Beaucoup d’hommes politiques de premier plan portent des costumes aux épaules surdimensionnées. Pourquoi ? Ma réponse pourra sembler simpliste – je la crois pourtant juste : parce qu’ils pensent que cet artifice va leur donner la carrure de la fonction – la carrure présidentielle.

Largeur d’épaules = pouvoir, force, autorité : la symbolique est primaire, donc apte à parler, pense-t-on, aux Français d'en-bas ou du sous-sol. 
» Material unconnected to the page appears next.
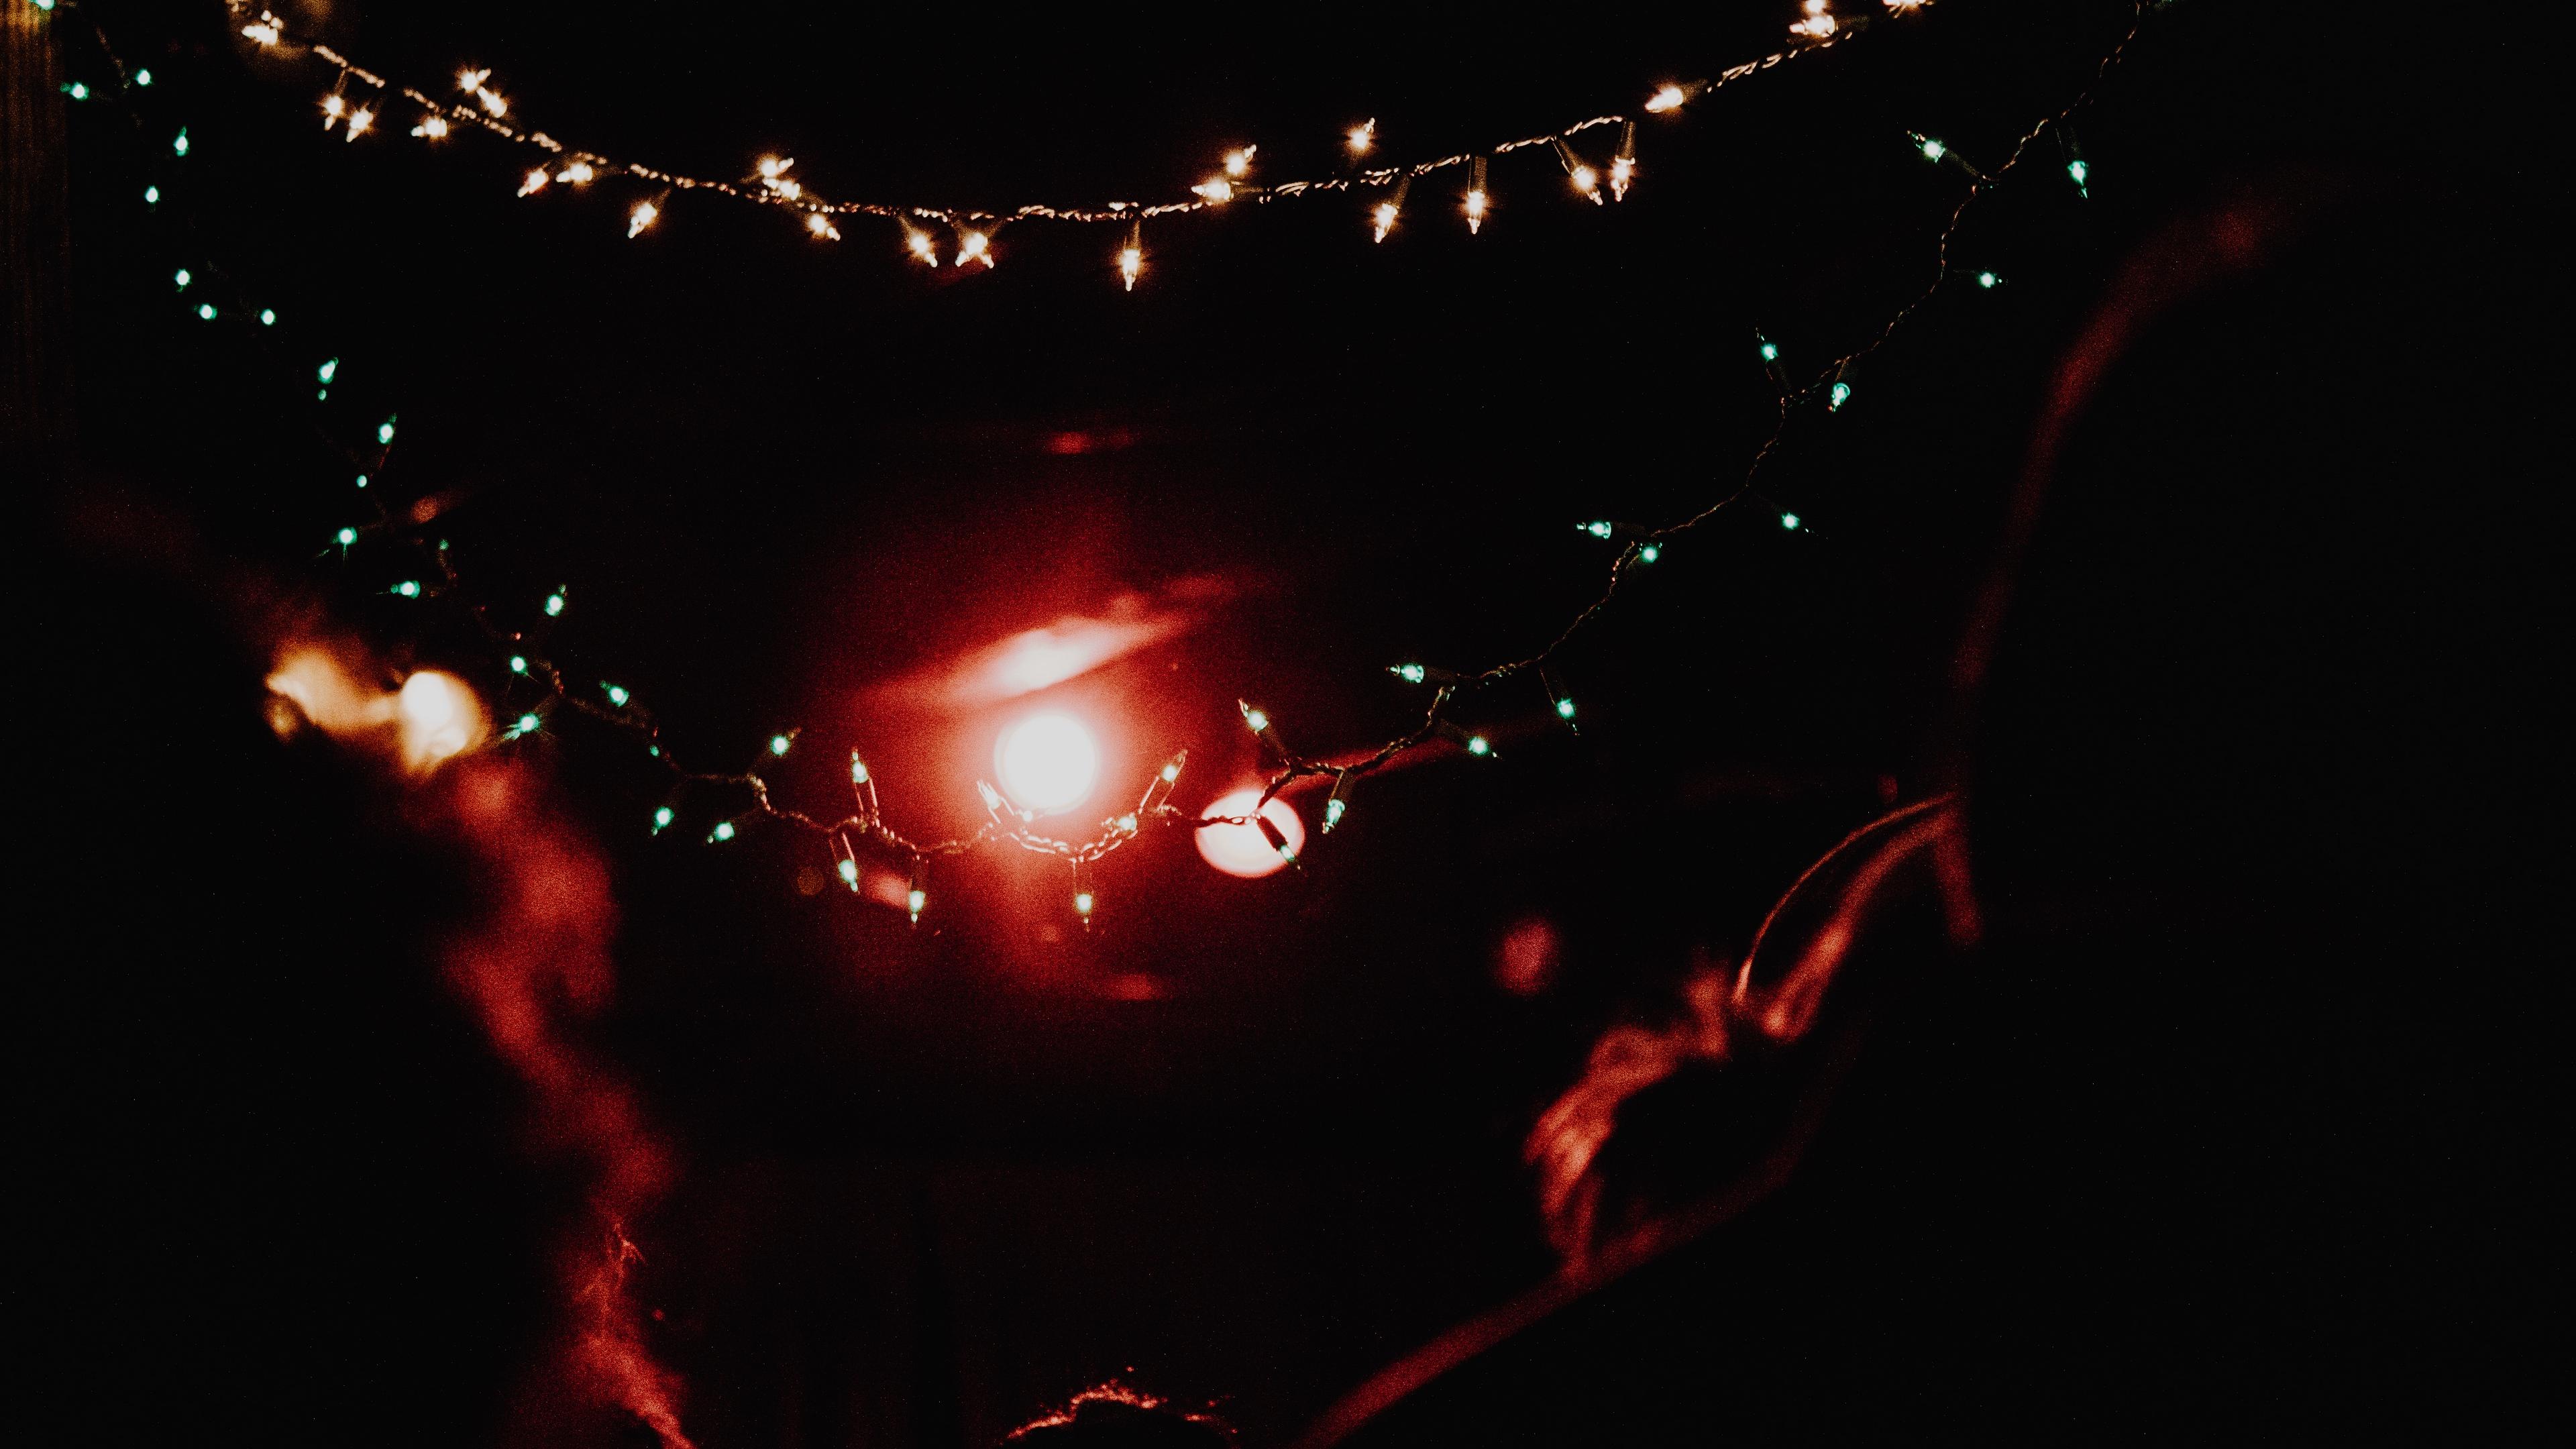 garland light glitter 4k 1540574496 - garland, light, glitter 4k - Light, Glitter, garland

Le modèle, c’est de Gaulle.


de-gaulle-carrure.jpg

 

Dans son cas, le recours à un imposant padding trouvait de multiples justifications : étroitesse des épaules, taille démesurée, longueur du visage… et protubérance ventrale. Ce moyen permettait à son tailleur d’introduire l’équilibre qui manquait à ce physique hors norme. Et puis, ça tombait bien, la mode d’alors était à la silhouette en V.

Depuis, on a vu Jacques Chirac enfiler le costume de son illustre prédécesseur. Mon propos fait formule, mais je dois le nuancer : les costumes du général étaient croisés (pour casser la taille et dissimuler autant que faire se pouvait cette fichue protubérance ventrale…) ; ceux de Jacques Chirac étaient presque toujours droits. Chez de Gaulle, la naissance du padding était indiscernable ; chez Chirac, les extrémités des épaules s’écroulaient, comme dans le cas d’une veste reposant sur un cintre trop étroit pour elle :


jacques-chirac-carrure-copie-1.jpg

 

Nos hommes politiques tentent de nous faire croire qu’ils ont la carrure de l’emploi. A les voir, on dirait surtout qu’ils nagent dans un costume qui n’est pas fait pour eux.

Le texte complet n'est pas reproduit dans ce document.